Currently, progressively larger deep neural networks are trained on ever growing data corpora. As this trend is only going to increase in the future, distributed training schemes are becoming increasingly relevant. A major issue in distributed training is the limited communication bandwidth between contributing nodes or prohibitive communication cost in general. These challenges become even more pressing, as the number of computation nodes increases. To counteract this development we propose sparse binary compression (SBC), a compression framework that allows for a drastic reduction of communication cost for distributed training. SBC combines existing techniques of communication delay and gradient sparsification with a novel binarization method and optimal weight update encoding to push compression gains to new limits. By doing so, our method also allows us to smoothly trade-off gradient sparsity and temporal sparsity to adapt to the requirements of the learning task.
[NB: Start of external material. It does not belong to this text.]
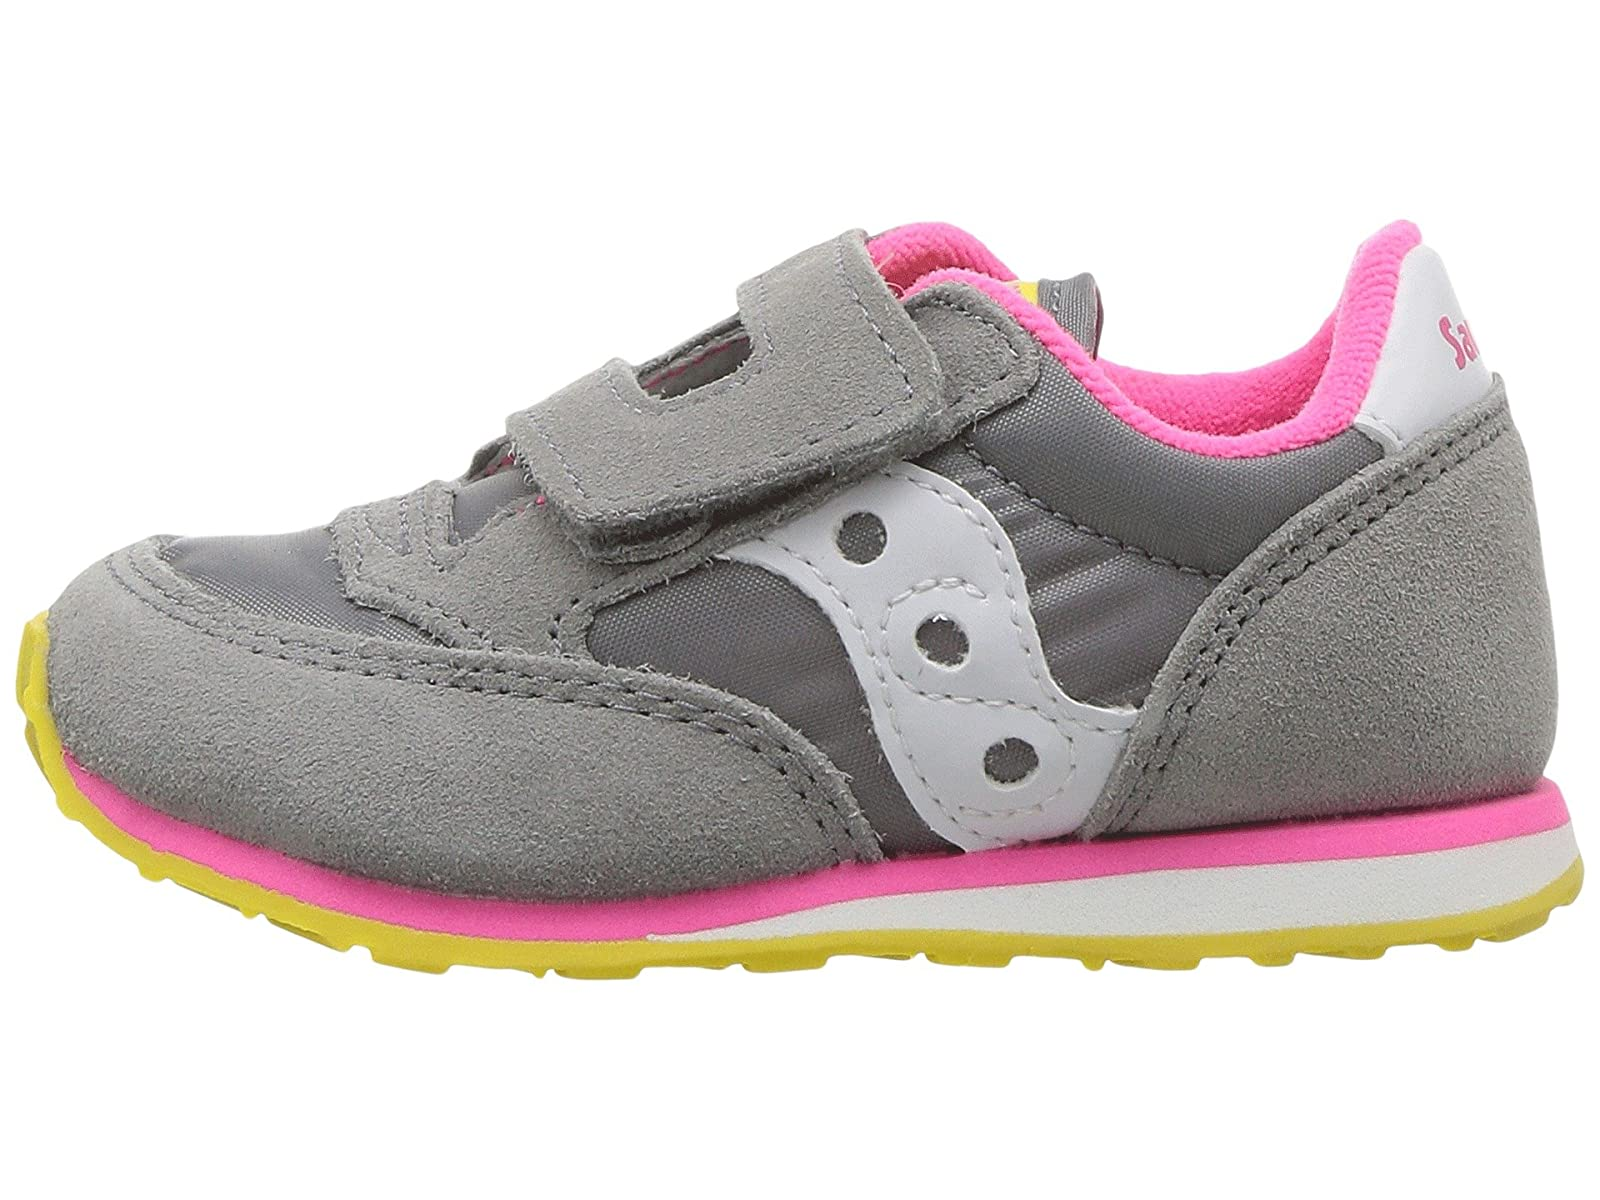 ca5ecf319d Details about Girl's Shoes Saucony Kids Originals Jazz Hook & Loop  (Toddler/Little Kid)

Our experiments show, that SBC can reduce the upstream communication on a variety of convolutional and recurrent neural network architectures by more than four orders of magnitude without significantly harming the convergence speed in terms of forward-backward passes. For instance, we can train ResNet50 on ImageNet in the same number of iterations to the baseline accuracy, using $\times 3531$ less bits or train it to a $1\%$ lower accuracy using $\times 37208$ less bits. In the latter case, the total upstream communication required is cut from 125 terabytes to 3.35 gigabytes for every participating client.